▶ WHAT YOU WILL DO
Could you retype the whole listing word for word and drop the images?

▶ DATASET EXCERPT
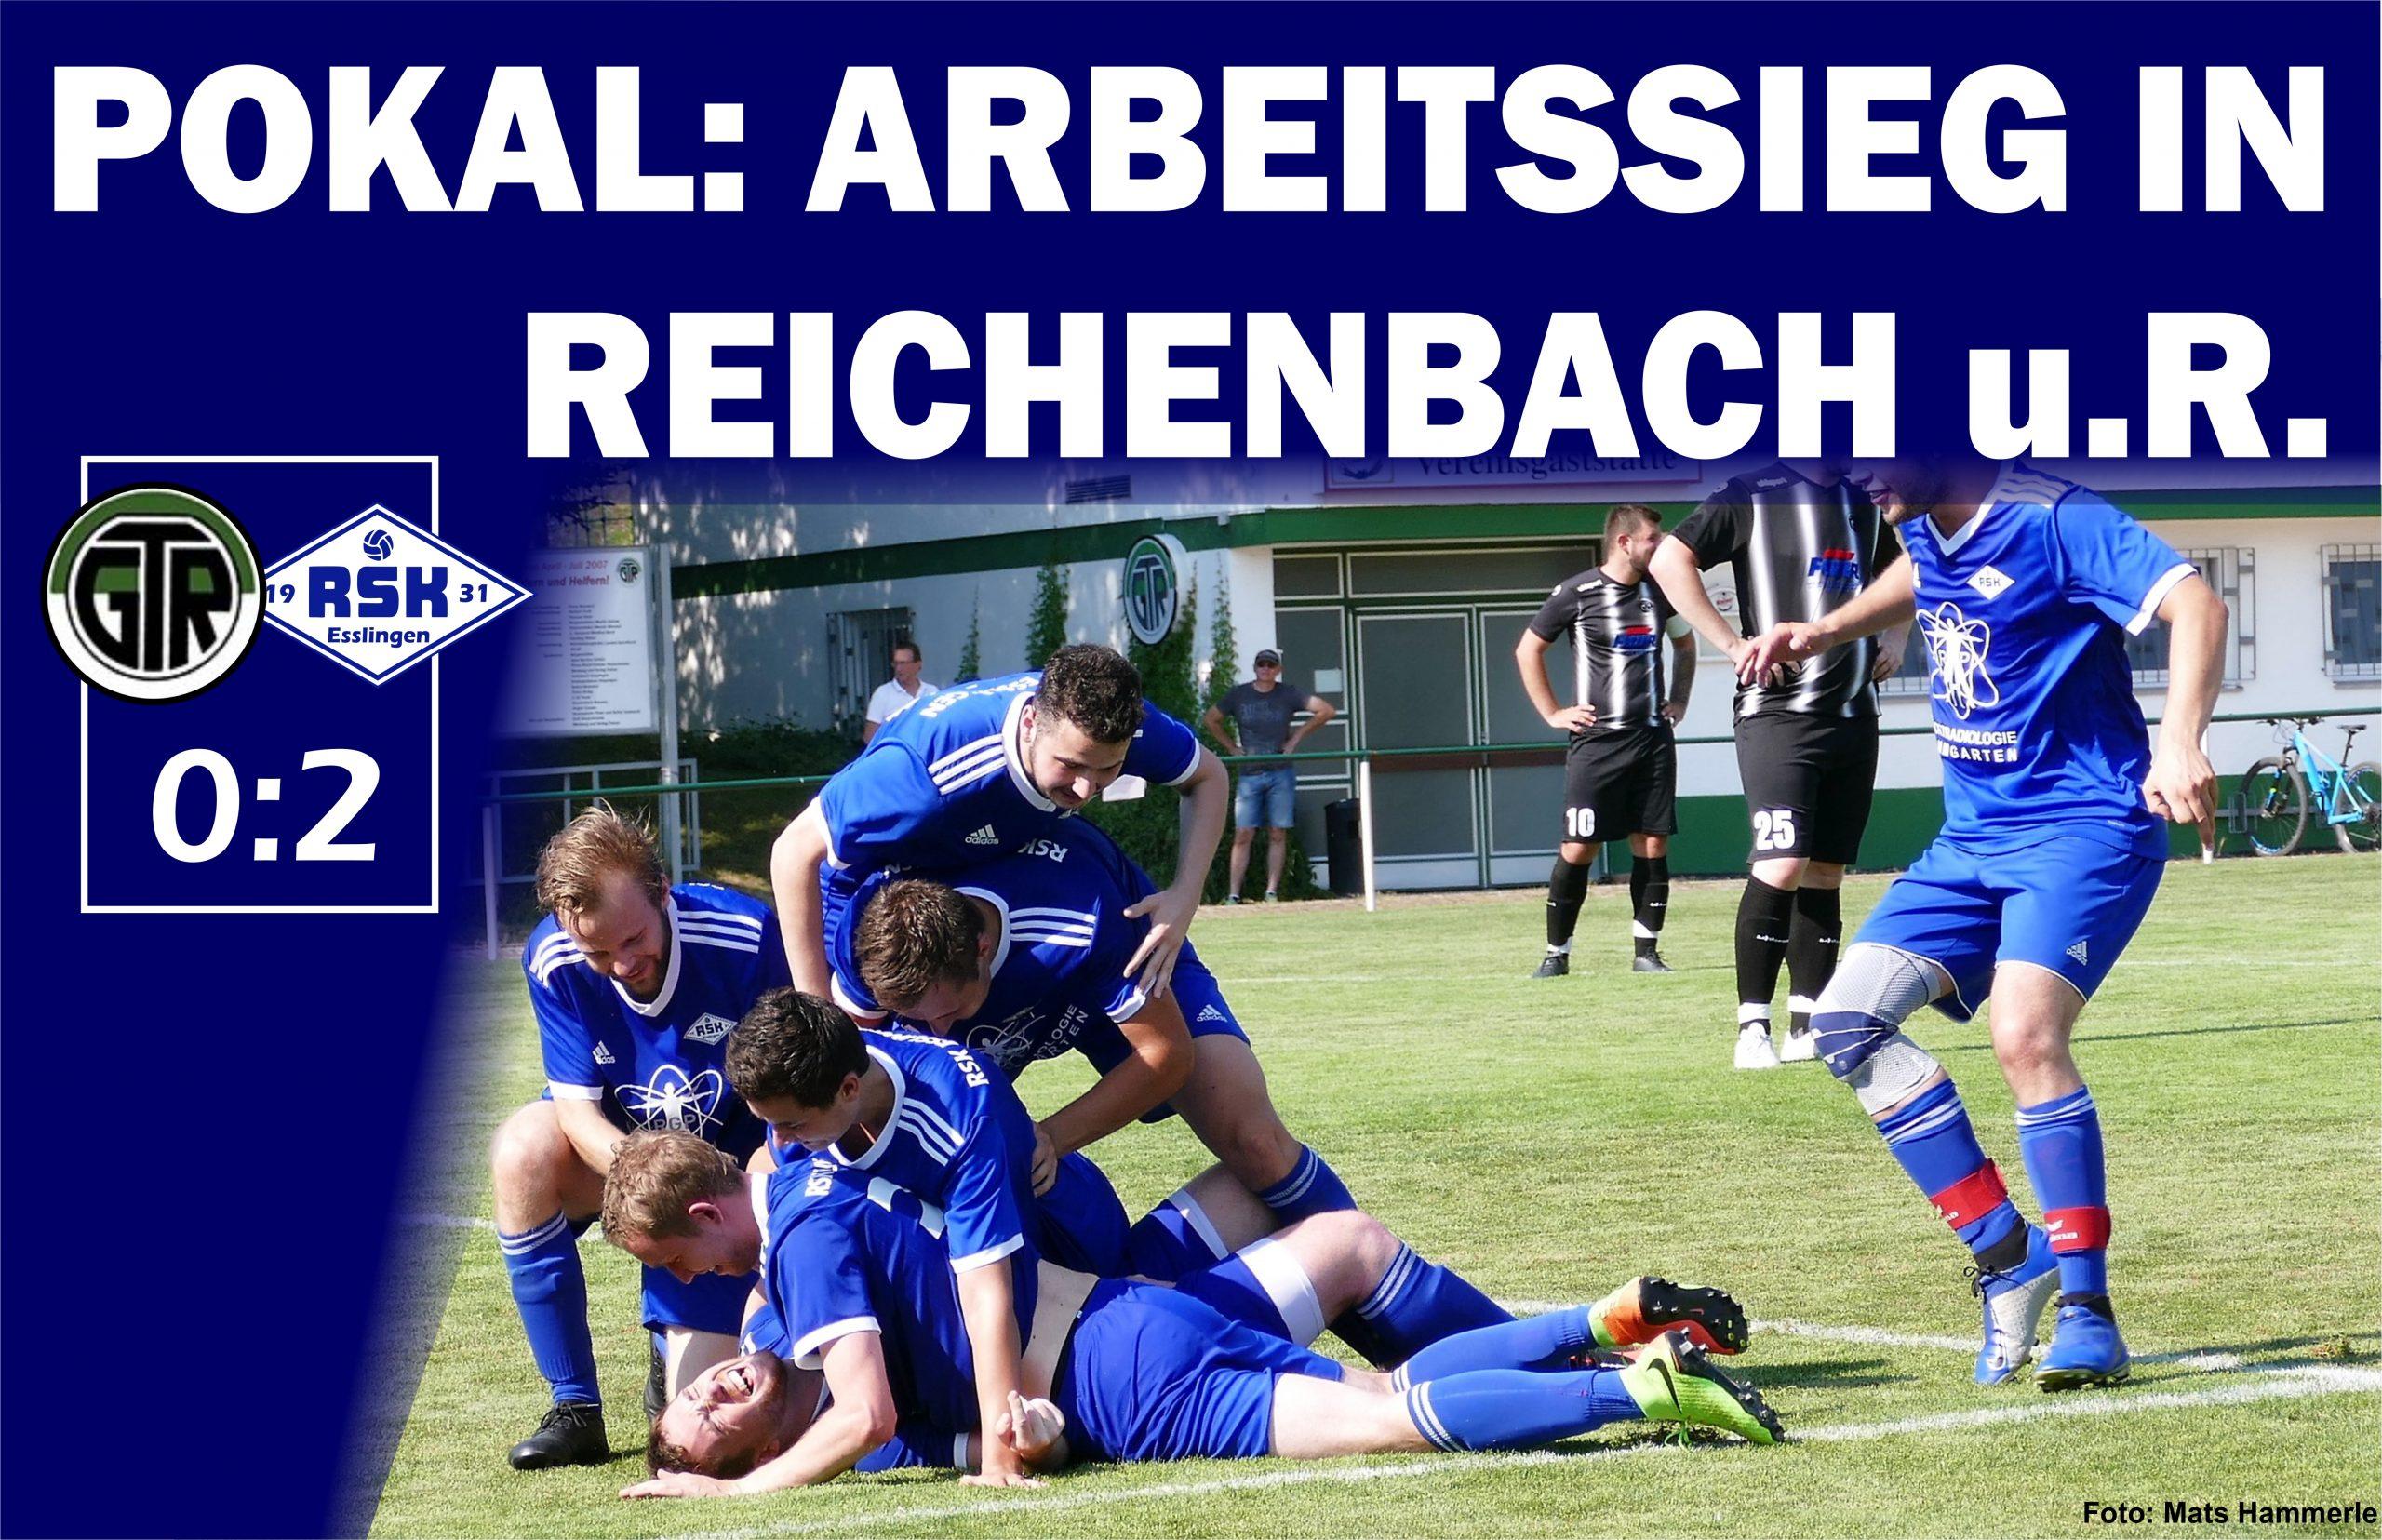 Pokalspiel Erste gegen Reichenbach
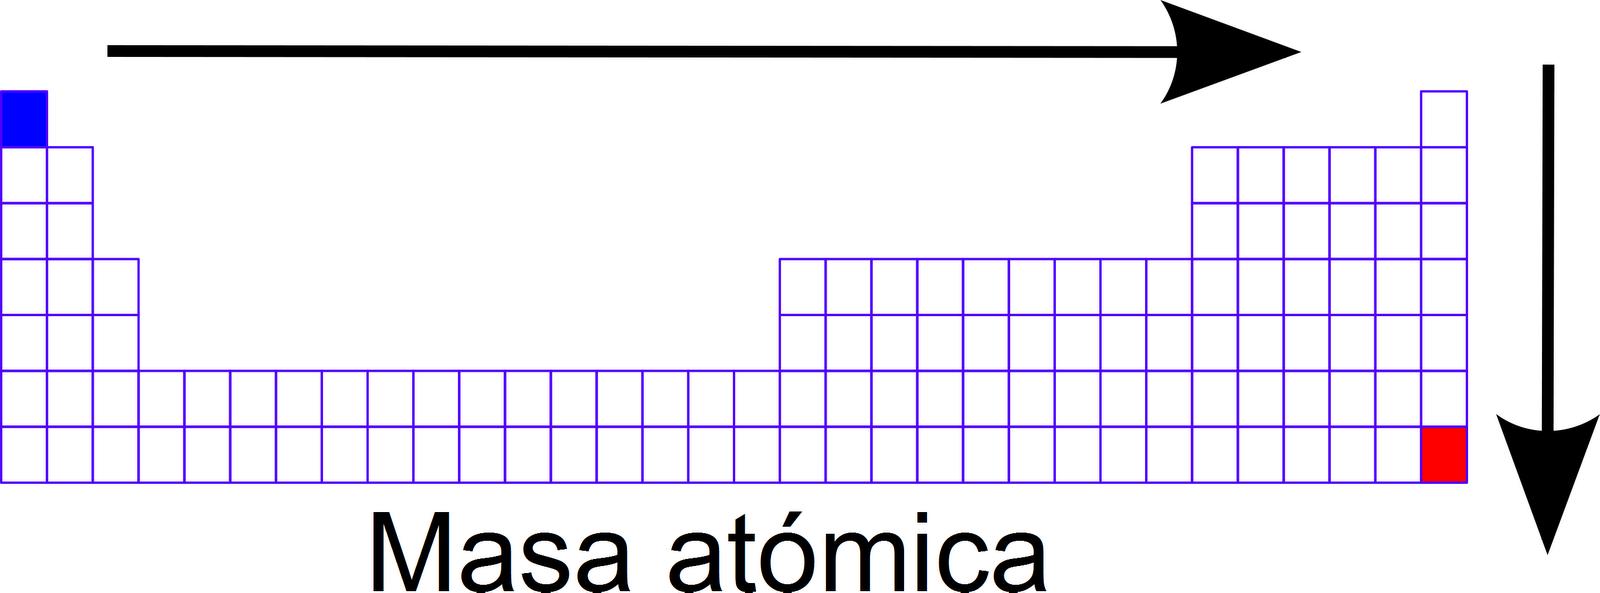 Aprendamos qumica informacin contenida en la tabla peridica hace referencia a cada una de las filas de la tabla peridica asimismo corresponde al nmero de niveles energticos que son utilizadas por los electrones urtaz Image collections
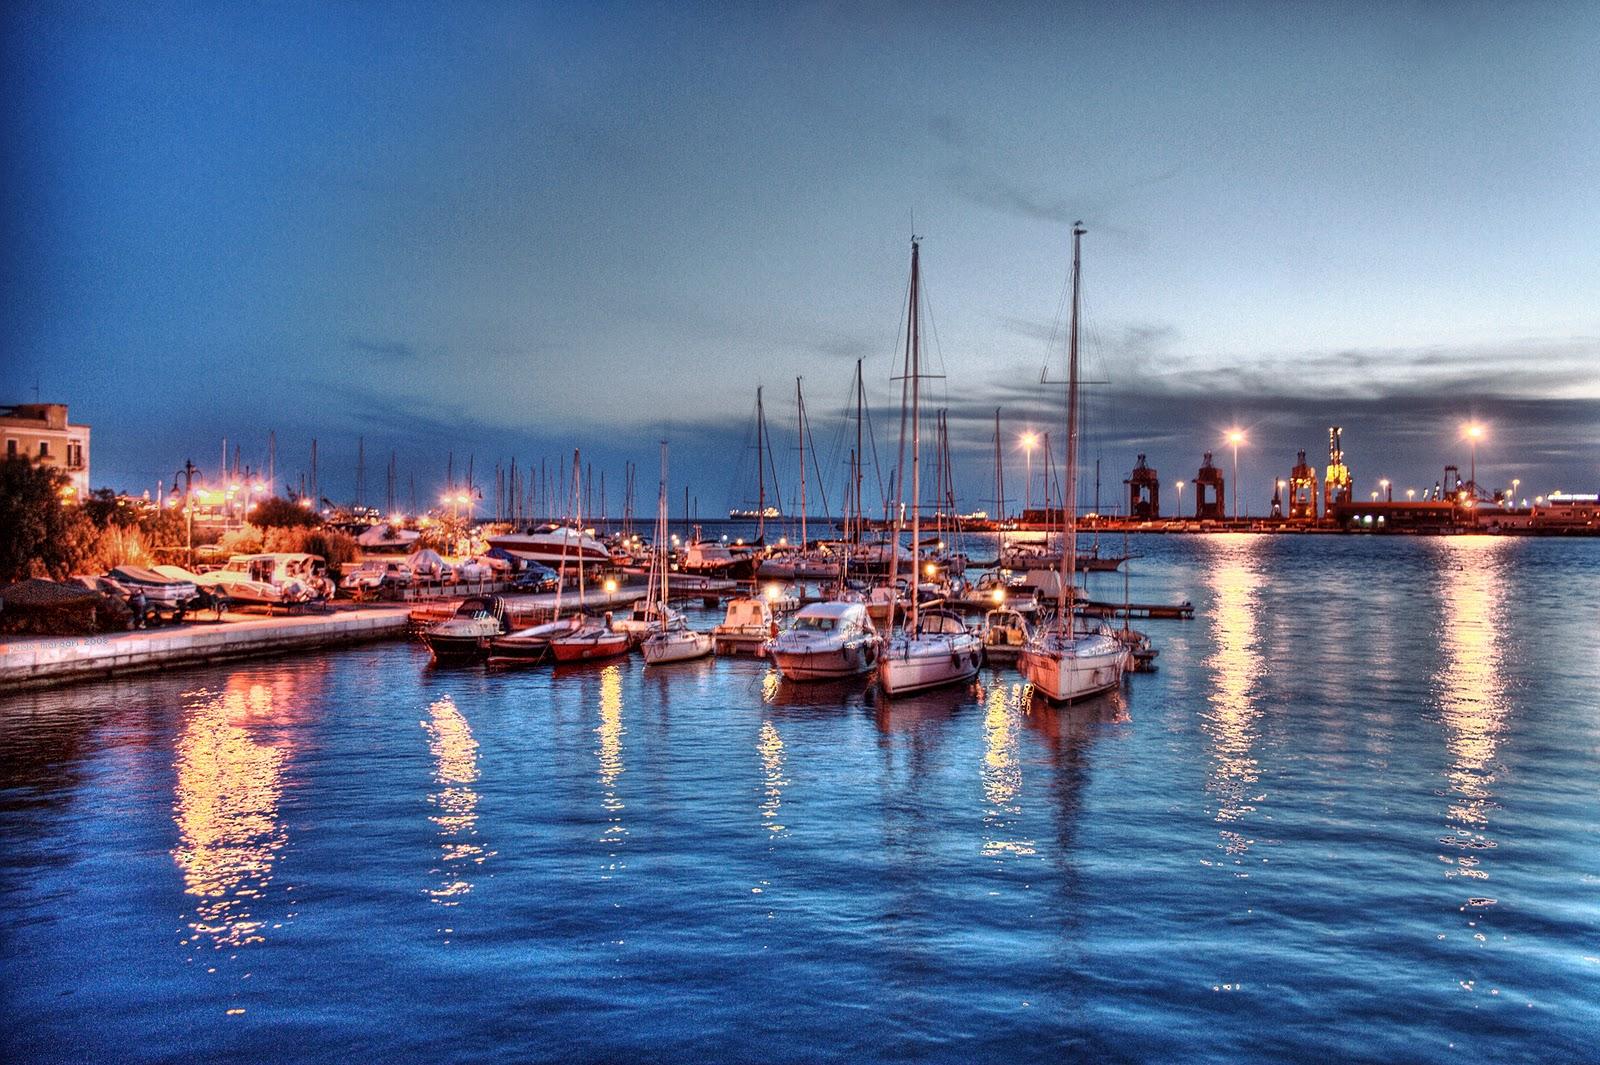 Taranto Italy  city photos : Fotoğraflar,İtalya'nın çeşitli yerlerinde çekilmiş.
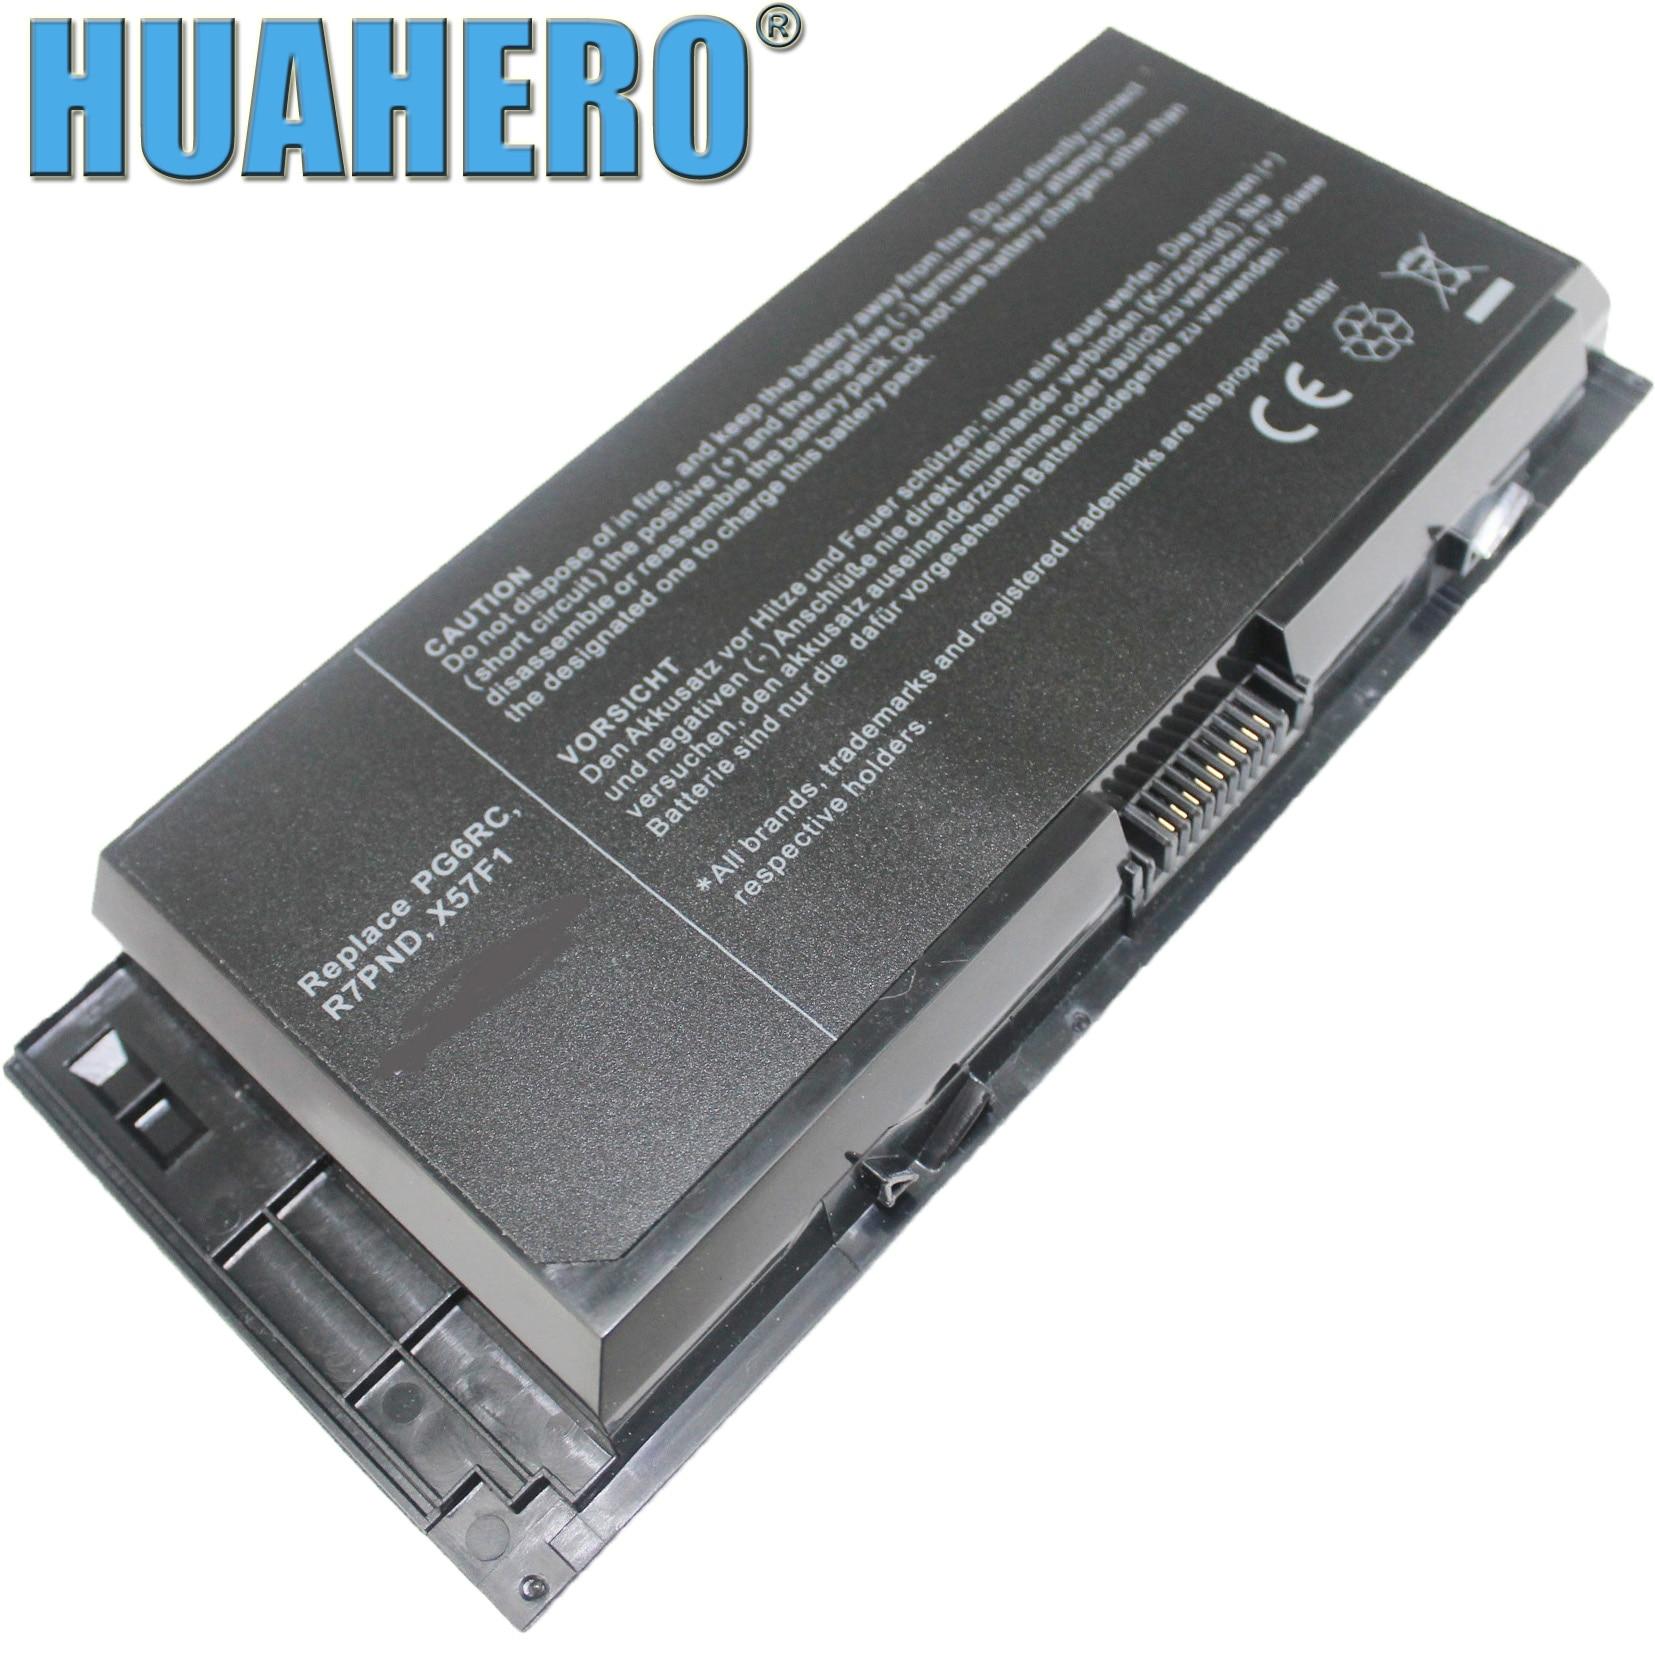 Батарея HUAHERO для ноутбука DELL Precision M6600 M6700 M6800 M4800 M4600 M4700 FV993 FJJ4W PG6RC R7PND OTN1K5 97KRM 9GP08 KJ321

▶ RESULT OF THE TASK
 Pokalspiel Erste gegen Reichenbach
 Aprendamos qumica informacin contenida en la tabla peridica hace referencia a cada una de las filas de la tabla peridica asimismo corresponde al nmero de niveles energticos que son utilizadas por los electrones urtaz Image collections
 Taranto Italy  city photos : Fotoğraflar,İtalya'nın çeşitli yerlerinde çekilmiş.
 Батарея HUAHERO для ноутбука DELL Precision M6600 M6700 M6800 M4800 M4600 M4700 FV993 FJJ4W PG6RC R7PND OTN1K5 97KRM 9GP08 KJ321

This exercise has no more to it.